A Systematic North-South asymmetry in the Steady-state Climate of rapidly-rotating Oblique Water Worlds

TL;DR

This study uses ExoSPEEDY, a general circulation model of intermediate complexity, to simulate the steady-state climates of aqua-planets across a range of masses, obliquities, and rotation rates. The results show that obliquity and rotation strongly control seasonal variability and, at high obliquity, drive a robust north–south polar temperature asymmetry that intensifies with faster rotation and remains largely mass-independent. These hemispheric temperature and cloud-pattern asymmetries persist across atmospheric pressures (1013–30 mbar) and provide a potential observational handle on obliquity and rotation for exoplanets, with implications for habitability assessments of ocean worlds such as K2-18b and TOI-1452b. The work also discusses bifurcation and multi-equilibrium dynamics in planetary atmospheres, and situates Uranus as a Solar System analogue to motivate and contextualize the exoplanet results, while noting current modeling limitations and directions for future improvements.

Abstract

Planetary obliquity (axial tilt) plays an important role in regulating the climate evolution and habitability of water-covered planets.
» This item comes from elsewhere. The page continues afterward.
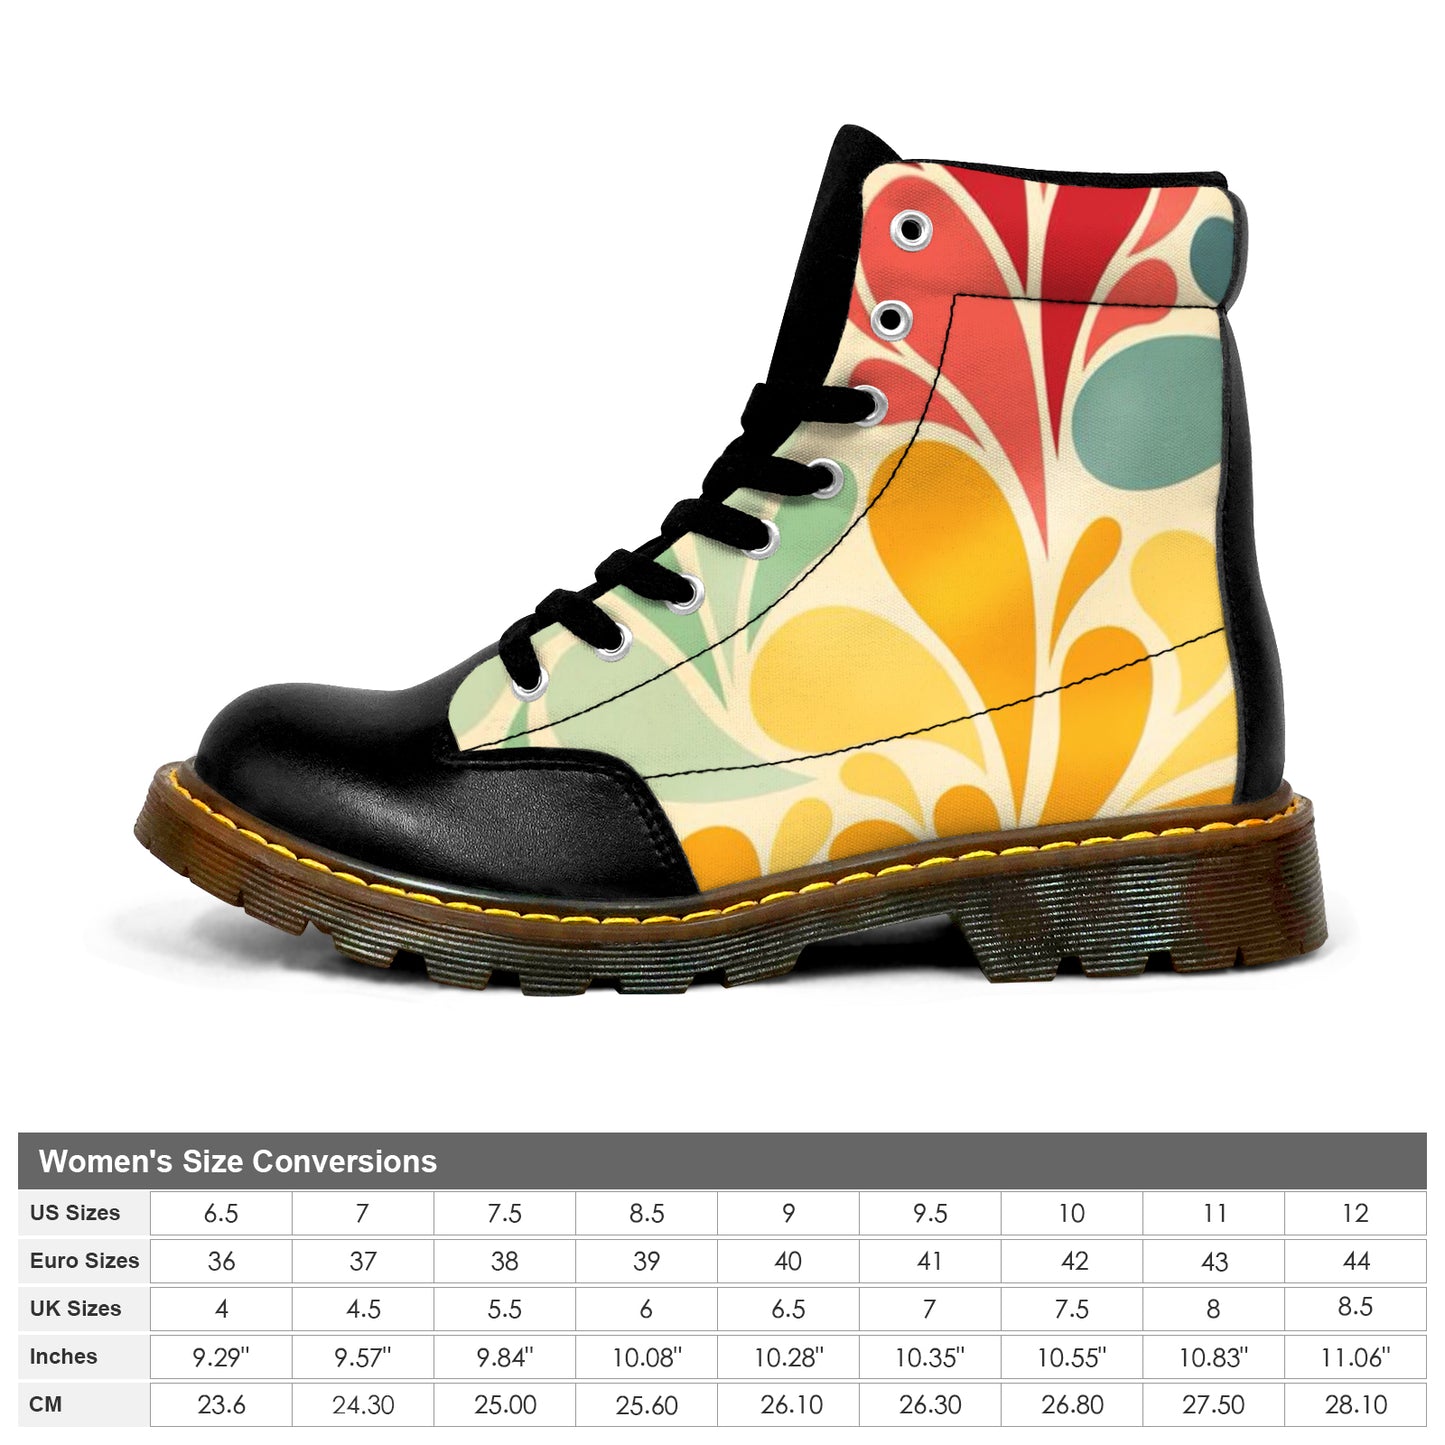 Winter Round Toe Women's Boots - Retro Floral

Despite the suspicion of large obliquities in several exoplanetary systems, this phenomenon remains hard to observe directly. We aimed to study the effect of mass, obliquity, and rotation on the steady state climate of water-covered planets. We simulated the climate evolution of such planets with varying obliquities, rotational speed, and mass using a general circulation model (GCM) of intermediate complexity, assuming aqua-planet configurations. High obliquity supports an asymmetry between the equilibrium climatological conditions in the northern and southern hemispheres. The polar temperature ratio deviates further from unity with increasing obliquity and rotation rate. Cloud coverage patterns also shift with obliquity, displaying distinct latitudinal bands and increased cloudiness in the warmer hemisphere. The climate of habitable-zone aqua-planets turns out to be sensitive to changes in obliquity and rotation rate, but are independent of planet mass. Our results highlight the importance of considering these factors when assessing the surface conditions of exoplanets. As a consequence, surface condition asymmetries in water-world exo-planets can be used to infer the planet's obliquity and rotation rate.

Figures (9)

• Figure 1: Zonal-average pressure-latitude for the climate of water-Earth with 23.4$^\circ$ obliquity. Latitude 0$^\circ$ is at the equator with positive values for the Northern Hemisphere. These are the time-average results from the last three years of the model simulation. Left panel: Color-map gives the average temperature, overplotted with zonal wind velocity contour lines (m s$^{-1}$). Dashed lines indicates easterlies whereas solid lines represents westerlies. Right panel: Color-map of the relative humidity.
• Figure 2: Mass and radius for a number of potentially habitable ocean worlds. The bullet points show identified ocean worlds: listed from bottom to top: HD 11505b, WASP 35, TOI 157, TOI 1452b, KELT 10b, HD 80883b, HD 221585b, HIP 67537b, K2-18b, Kepler 1980b, HD 50499b, Kepler 1766b, HD 50499c. The green curve gives the mass-radius relation for planets with a water content of $\ {\hbox{$\buildrel>\over\sim$}}\ 30$ % (by mass) from 2024AA...686A.296M. The arrows (and black crosses [right-most one is white]) give the simulation atmosphere models.
• Figure 3: Time evolution of the global average sea-level temperature for K2-18b over 180 months. Each frame represents a specific value of obliquity. Line colors represent different values of $\alpha$. The effect of its orbital eccentricity (of only $e=0.09$) is noticeable as the 12-month periodic variations in temperature.
• Figure 4: Global average values of the sea-level temperature (left panel), deep cloud coverage (middle), and specific humidity (right) as a function of obliquity and $\alpha$. Each panel has several curves for each value of $\alpha$; the legend is in the left-most panel.
• Figure 5: Latitudinal profiles of sea-level temperature for different values of the obliquity and $\alpha$. Each panel represents a specific obliquity and the curves are colored according to $\alpha$ using the same color scheme for each panel. The legend is presented along the bottom of the figure. Negative latitudes are in the Southern hemisphere and positive values represents the Northern hemisphere; the equator is at 0$^{\circ}$. The presented data gives the time average of the last two orbital periods in the calculation of the planet's atmosphere.